I’m writing this sitting with A in a hammock in an orange grove in the South of Spain. It is as idlic as it sounds, not a cloud in the sky. A is reading a book about science, it is my lovely lot in life to be surrounded by men, with a love of science. Every few pages, A looks up with a ‘huh’ waits expectantly for me to ask ‘what?’ He then reads me a section. I feel I am reading the book as well, which works out nicely because I always meant to.
Until it occurred to me a minute ago that this is probably one of those moment I’ll want to remember, I was reading also. My book is an autobiography about a woman who hikes the Pacific Coast Trail, alone, after her mother dies (no I did it know that fact when I bought the book).
I’ve just read a line where she’s scared on the trail, though she knows she’ll always be safe because her mother has died and that was the very worst that could happen. It made me smile and think about Miss E, my fellow motherless duckling and taker of wonderful photos. Quite soon after I was diagnosed, she had shared how shaken she had felt – “I mean, I thought we were bullet proof.”
I understood the sentiment but somehow my brushes with mortality had the opposite effect. I saw potential hazards everywhere. I became fearful for all my loved ones, practically driving A away with my constant worrying. I never worried about myself however.
I’ve switched locations, I’m now under an umbrella by a lovely turquoise pool, still surrounded by orange trees. The air has that scorched land smell and we have fresh squeezed juice for breakfast. Perhaps because I’m in a place this lovely, perhaps because I feel so warm and safe, or because of the book I’m reading, or maybe because it was inevitable but I’m allowing myself to think about my mother.
When my Mum died, I slowly and painfully became aware of the life events she wouldn’t be around for, the solicited or unsolicited advice I’d not receive, the fights, the love. I’d never get to fully understand what made such a complex woman tick. We’d never ‘do’ weddings or babies – I just never thought that cancer would be another thing on that never ‘do’ list.
Not being a mother myself, I’m not sure how it feels when your child is ill. I’m not sure if I’ll ever be a mother, so perhaps I’ll never know. Either way, I’ll never be able to phone her up exhausted and apologise for everything I put her through. However, I never banked on knowing how it feels to live with cancer or what it takes to get through Chemo either.
There have been times recently, when I’ve been cut to the core at how little I understood about all this, how draining it is emotionally and physically. How all encompassing and how white knuckle scary it is. How sick you can feel (and this is before chemo, fertility treatment and my Ops have been enough). She must have hid a lot, I thought I knew it all, I was 19 and I thought I’d seen all her illness. But I see now that I was still her child and she hid things.

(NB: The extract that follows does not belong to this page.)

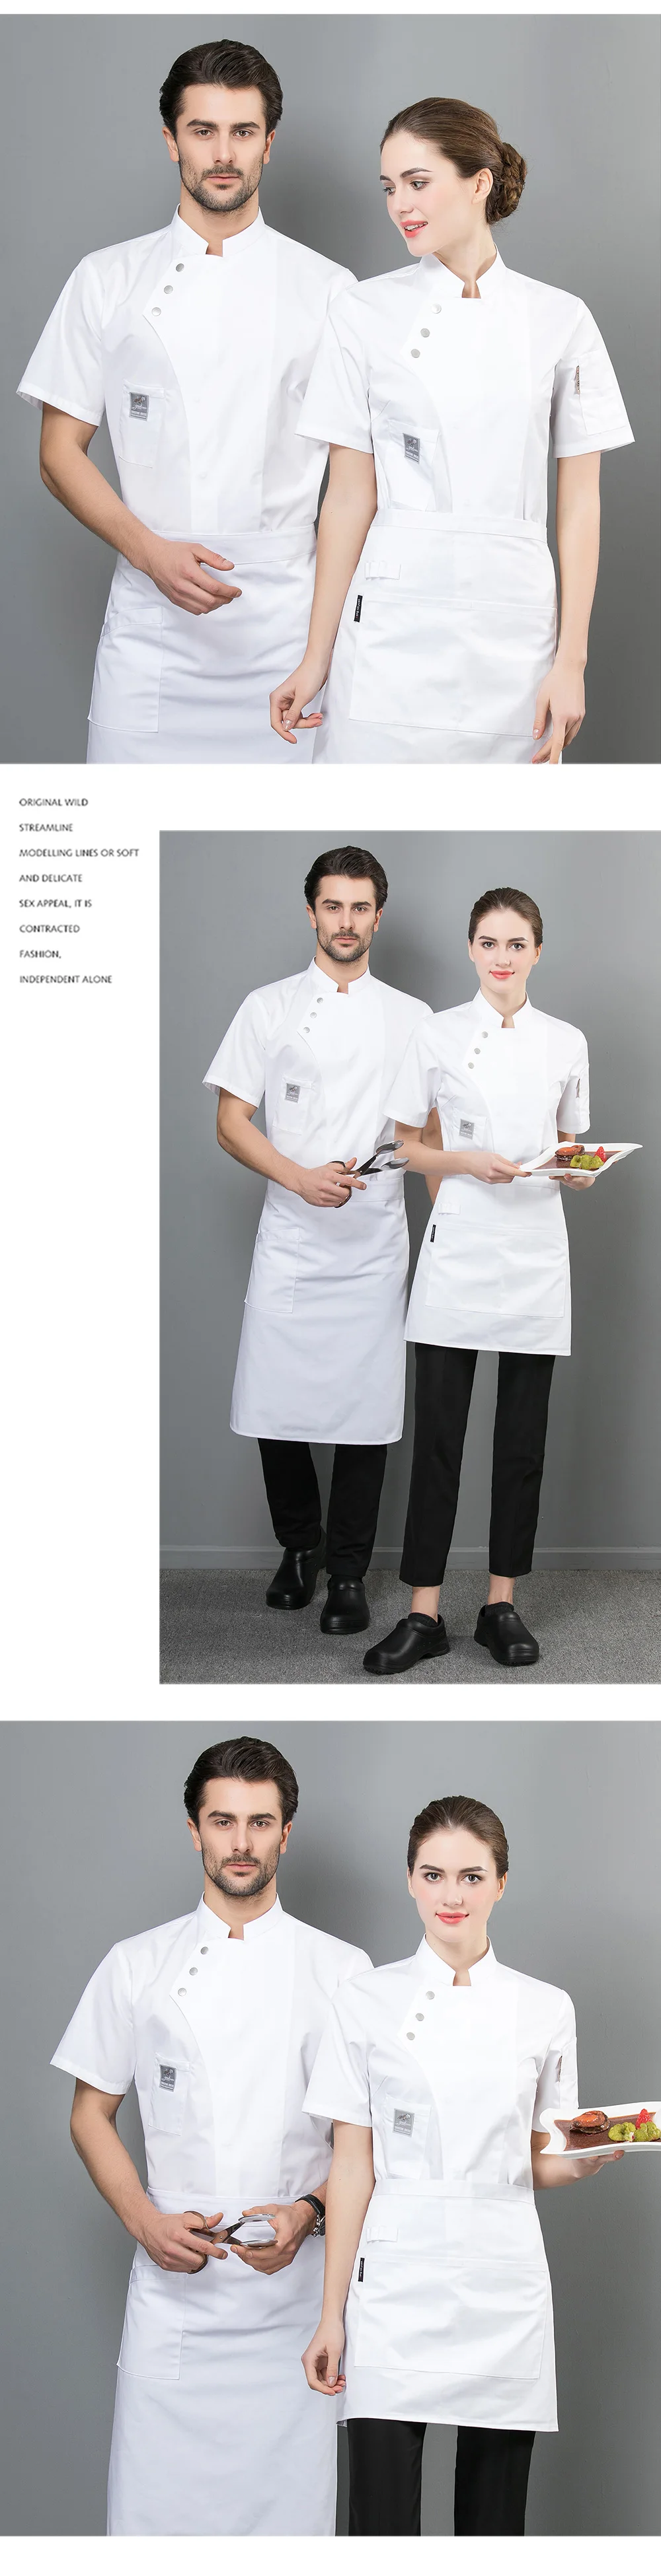 Высококачественные гостиничные ресторанные форменные футболки с короткими рукавами на одно плечо, кухня, рабочая одежда шеф-повара, рабочая одежда для мужчин, 4 цвета

Sometimes I hide things, A always makes me promise that’ll wake him if I wake in the night. I never do and then he’s mad the next day. I always point out, there’s is very little point Us both being awake, he can’t physically do anything and it’s best he’s rested, to deal with everything he deals with in the day. Besides just having him near is soothing, asleep or awake.
Quite soon after her death I went through a phase of worrying. If something else horrendous happened, how could I believe my mother was watching over us, protecting us, as everyone had been at pains to tell me. I reasoned if something bad ever happened, I’d feel like she deserted me twice.
I eventually mentioned this to Da, who kindly and softly reminded me that this is not what we believed. No matter what a comforting image it was, she was not on a cloud, margarita in hand stomping out all mountains in our way. The only way she watched over us, remained with us, was through the love we had for her – the conversations we shared, the life we had all lived together. I am lucky, I have emails, letters and birthday cards too.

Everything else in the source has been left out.